Шрифт:
Интервал:
Закладка:
Ил. 129. Д. И. Мельников. Блинный разгул // Будильник. 1916. № 8. С. 4
В то время как отцензурированные газеты выходили с белыми полосами, в иллюстрированных изданиях цензоры наклеивали на неподходящее изображение черные прямоугольники. В некоторых случаях цензоров можно было заподозрить в излишней мнительности, когда страдали даже невинные пейзажи. В результате власти добивались прямо противоположного эффекта: воображение зрителей начинало дорисовывать закрашенные элементы изображения, наделяя их вымышленным политическим содержанием. В этом случае политический эффект оказывался более сильным, чем могли себе представить художник и цензор. Так, например, в 1915 г. читатель журнала «Лукоморье» был обескуражен вымарыванием пасторального пейзажа Г. Нарбута, на котором цензор заклеил центральных персонажей, расположенных на зимней опушке леса (ил. 130). Зрителю приходилось напрягать фантазию, чтобы понять, какие именно персонажи могли вызвать недовольство бдительного представителя власти. Оригинально тему цензуры проиллюстрировал Д. Моор. Он решил опередить цензора — собственноручно нарисовал цензурный квадрат во всю страницу, но сделал его не черным, а красным. Тем самым художник расширил семантику своего рисунка, дав отсылку к скандально известной выставке супрематистов 1915 г. «0,10». Экспонировавшийся на ней «Красный квадрат» К. Малевича, по признанию современников, мыслился в качестве «сигнала революции». Цензор оставил этот сигнал Моора нетронутым.

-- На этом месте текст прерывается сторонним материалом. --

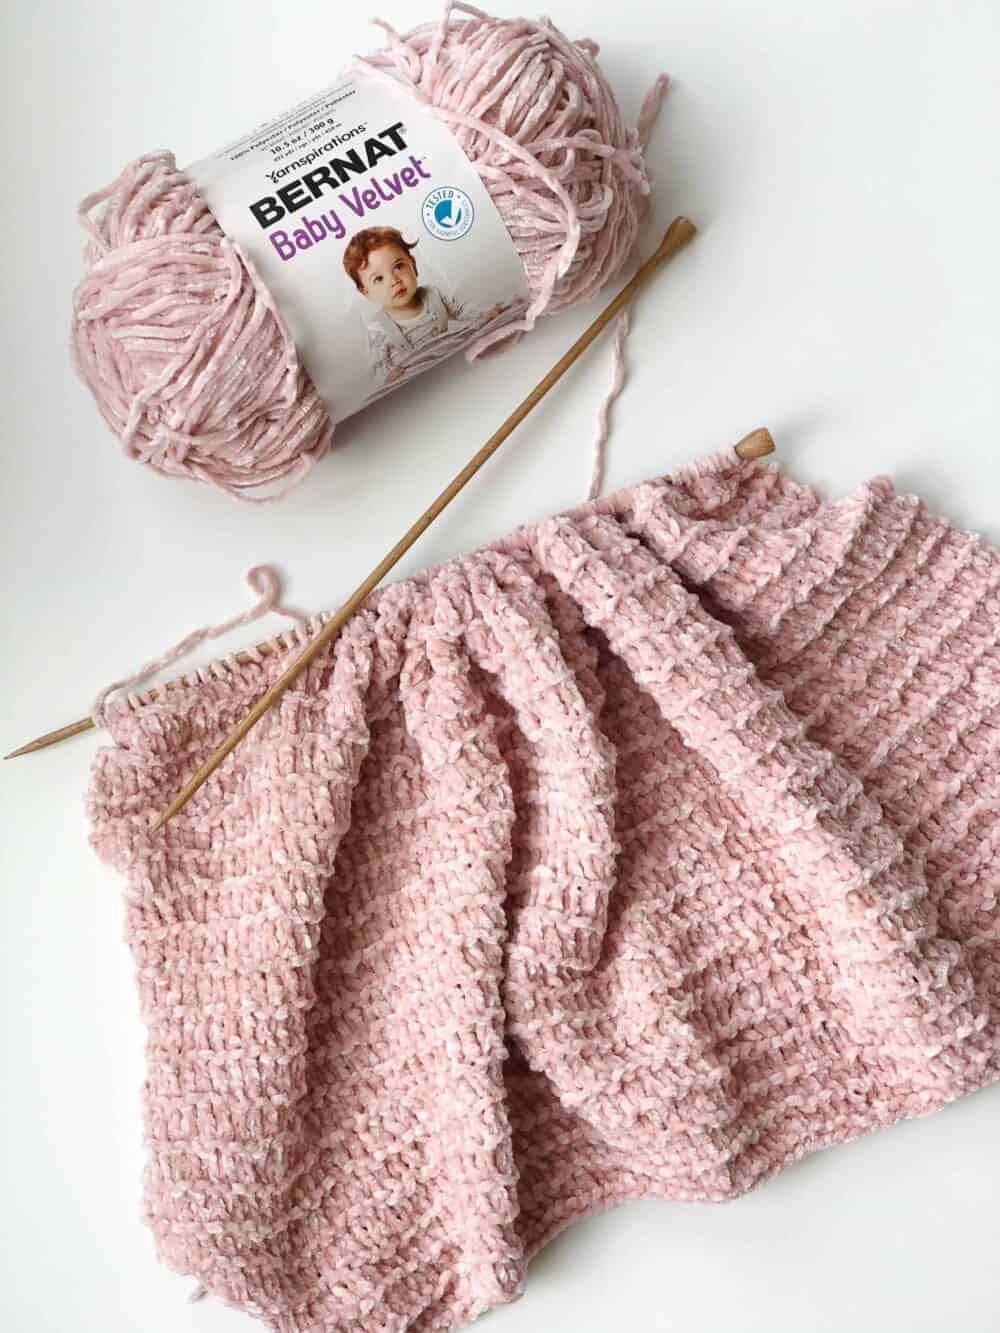 Crocheting and knitting doesn't only have to be for the fall and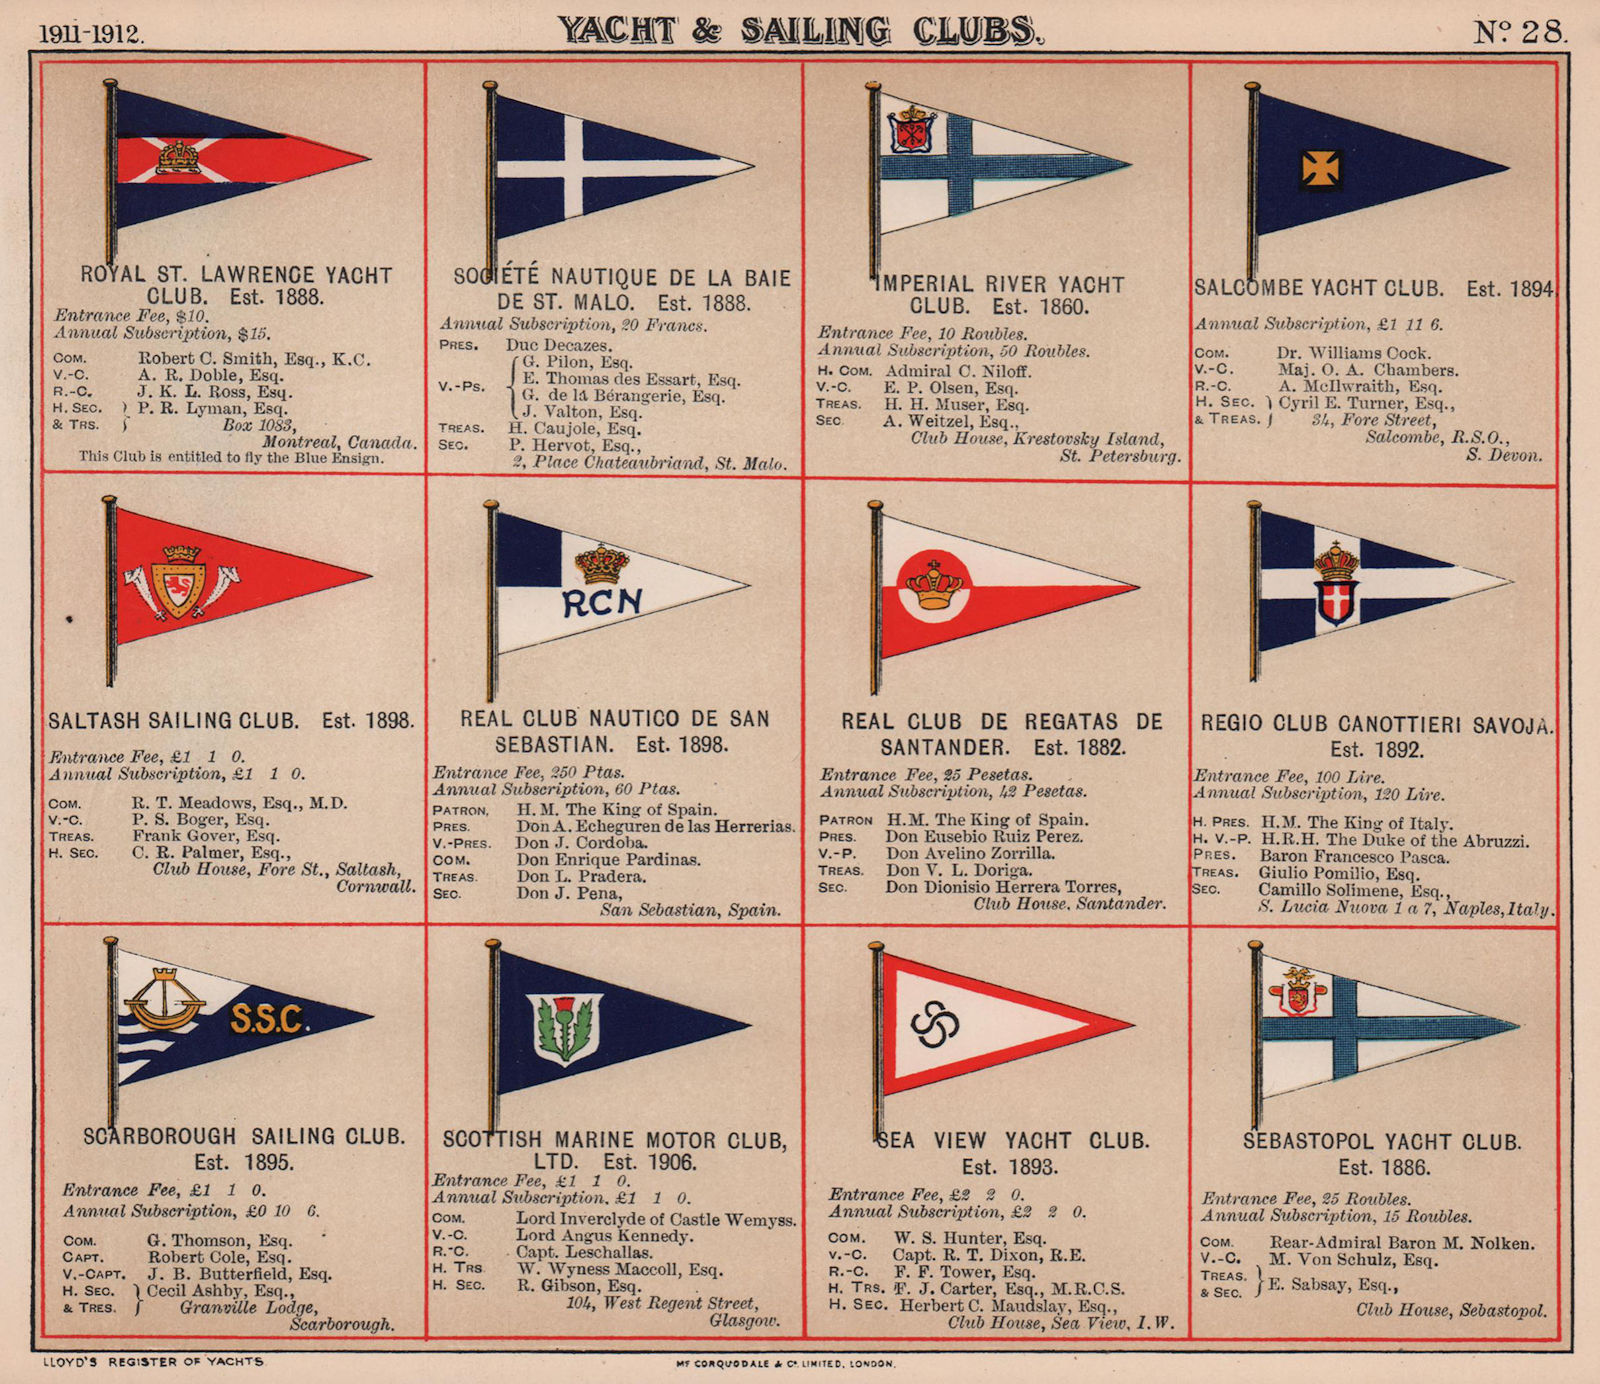 YACHT/SAILING CLUB FLAGS R-S St Lawrence/Malo Salcombe Saltash Scarborough 1911

Пытаясь обойти цензуру, художники нередко прибегали к приему «переадресации»: адресовали критику характерных для России проблем Германии, тогда как у читателя возникала правильная аналогия. Самым ярким примером «переадресации» может быть карикатура под названием «Сумасшедший шофер» из раздела «Немцы о себе», опубликованная в октябрьском 1915 г. номере журнала «Будильник», на которой изображалась германская императрица, несущаяся в автомобиле прямо в пропасть (ил. 131). В качестве автора указывался немецкий карикатурист Т. Гейне, однако среди его известных произведений не удалось найти эту карикатуру, кроме того, подобная тематика была совсем не типична для немецких политических карикатур 1915 г., в которых господствовала патриотическая тематика. В действительности этот рисунок был иллюстрацией к известной статье депутата-кадета В. А. Маклакова, опубликованной 27 сентября 1915 г. в «Русских ведомостях», в которой он сравнил Россию с автомобилем, ведомым в пропасть безумным шофером, под которым он подразумевал премьер-министра И. Л. Горемыкина. Для придания картине большего трагизма Маклаков предложил читателю представить, что в автомобиле сидит его мать.
Ил. 130. Заклеенная цензором акварель Г. И. Нарбута // Лукоморье. 1915. № 6. Обложка
Образ летящего в бездну автомобиля оказался востребован в политической лексике, к нему в 1916 г. возвращались депутаты Государственной думы, а в 1917 г. в одесском журнале «Театр» была опубликована карикатура, повторявшая композицию рисунка из «Будильника» с той разницей, что в роли шофера был изображен председатель Временного правительства А. Ф. Керенский. Нет сомнения в том, что образованные круги общества в 1915 г. правильно считали смысл карикатуры.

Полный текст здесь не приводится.